12. O sobrevivente, de Werner Herzog (2006). Houve quem achasse que o alemão Herzog se americanizou demais. Balela. Herzog, da mesma maneira que em seus filmes na Amazônia, filma a selva com uma textura única no cinema. A personagem do piloto germânico, naturalizado americano, que se perde nos matos vietnamitas durante um vôo de reconhecimento, é tão demente e delirante quanto as outras criaturas de exceção de Herzog.

Além destes, merecem referências como bons filmes: Medos privados em lugares públicos, de Alain Resnais; Batismo de sangue, de Helvécio Ratton; Baixio das bestas, de Cláudio Assis; Depois do casamento, de Susanne Bier; Lady Chatterley, de Pascale Ferran; 30 dias de noite, de David Slate; Amantes constantes, de Philippe Garrel; Pro dia nascer feliz, de João Jardim; Fora de jogo, de Jafar Panahi; Fabricando Tom Zé, de Décio Mattos Jr.; Atravessando a ponte: o som do Istambul, de Faith Akin; Maria Antonieta, de Sofia Coppola; Pai e filho, de Aleksandr Sokurov; Scoop, o grande furo, de Woody Allen; People, histórias de Nova Iorque, de Danny Leiner; Tropa de elite, de José Padilha; Primo Basílio, de Daniel Filho; O mundo em duas voltas, de David Schürmann; A leste de Bucareste, de Corneliu Porunboiu; Nome de família, de Mira Nair; e As aventuras de Azur e Asnar, de Michel Ocelot.

Entre as exibições marginais, duas notáveis: The devil and Daniel Johnston, de Jeff Feuerzeig; e Tarnation, de Jonathan Caouette.

Houve três eventos cinematográficos que me pareceram os principais do ano.
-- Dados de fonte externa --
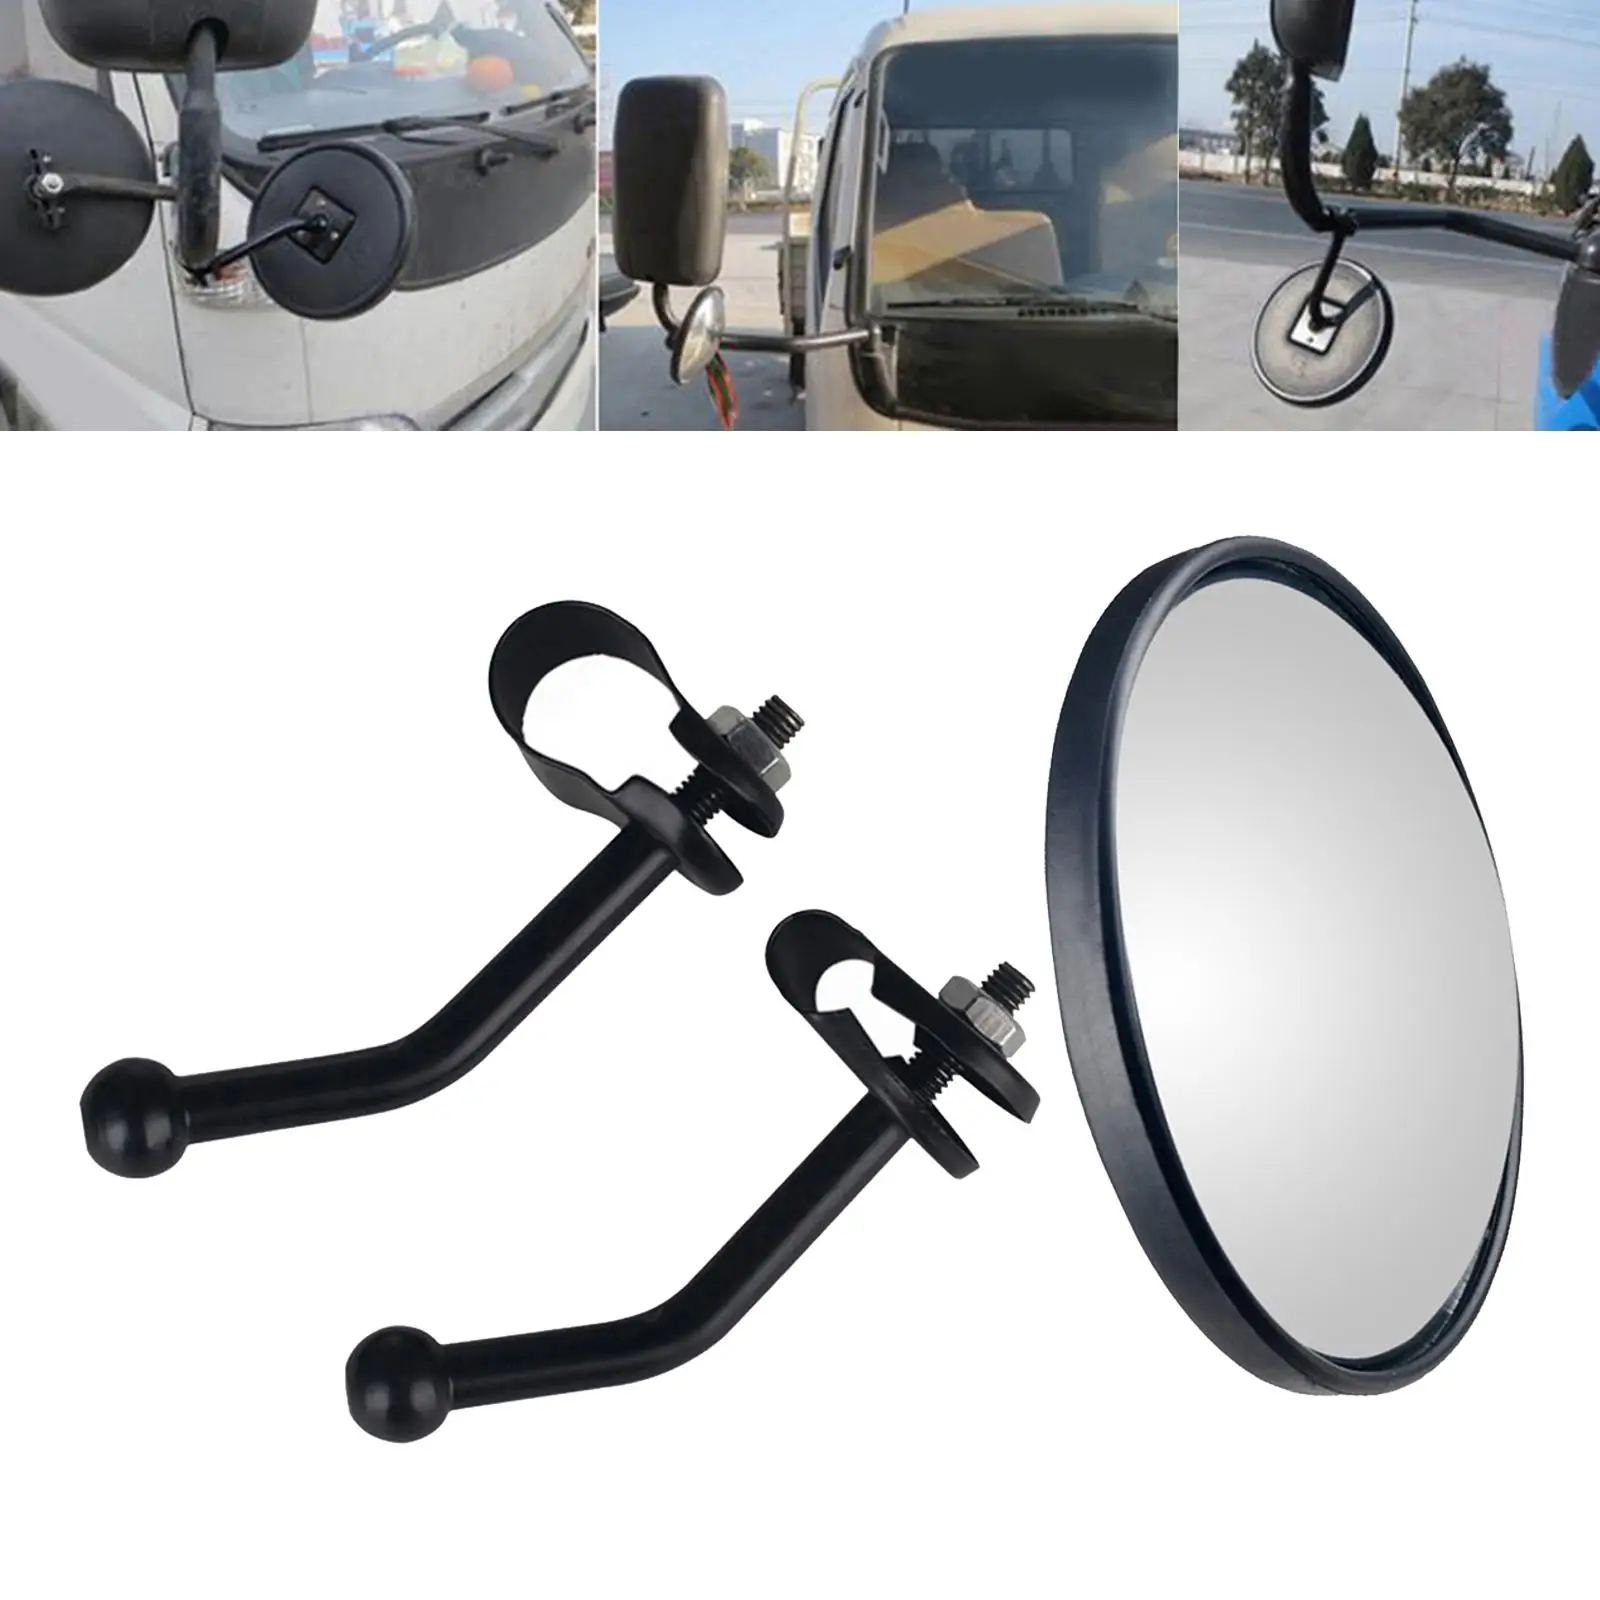 Blind Spot Mirrors Replacement Car Auxiliary Accessories Large View Field Wide Angle Rearview Round Convex Mirror Fit for Truck

Uma revisão dos filmes de Alexander Kluge na Sala P.F. Gastal, numa promoção conjunta com o Instituto Goethe; Kluge está, lado a lado com o italiano Roberto Rossellini (falecido) e o espanhol Carlos Saura (vivo), entre os três maiores cineastas da história do cinema. Uma retrospectiva do falecido diretor norte-americano John Cassavetes, na Casa de Cultura Mário Quintana; Cassavetes é um mestre da improvisação que se organiza lentamente. E o terceiro festival de cinema fantástico, cognominado 3º Fantaspoa e promovido pelo Clube de Cinema de Porto Alegre, onde se puderam ver ou rever clássicos como “Vampiros de almas”, do norte-americano Donald Siegel, e “Dias de ira”, do dinamarquês Carl Theodor Dreyer, e obras de George A. Romero (americano) e Mario Bava (italiano) entre outras.

Enfeixando, os dez piores filmes do ano, por ordem de ruindade: Luzes do além, de Patrick Lassier; Os mensageiros, de Oxide Pang Chun e Danny Pang; Motoqueiro fantasma, de Mark Steven Johnson; Quarteto fantástico e o surfista prateado, de Tim Story; O homem-aranha 3, de Sam Raimi; Resident evil: a extinção, de Russell Mulcahy; O cavaleiro Didi e a princesa Lili, de Marcus Figueiredo; Sem reservas, de Scott Hicks; Piaf: um hino ao amor, de Olivier Danahan; Arthur e os miniboys, de Luc Besson.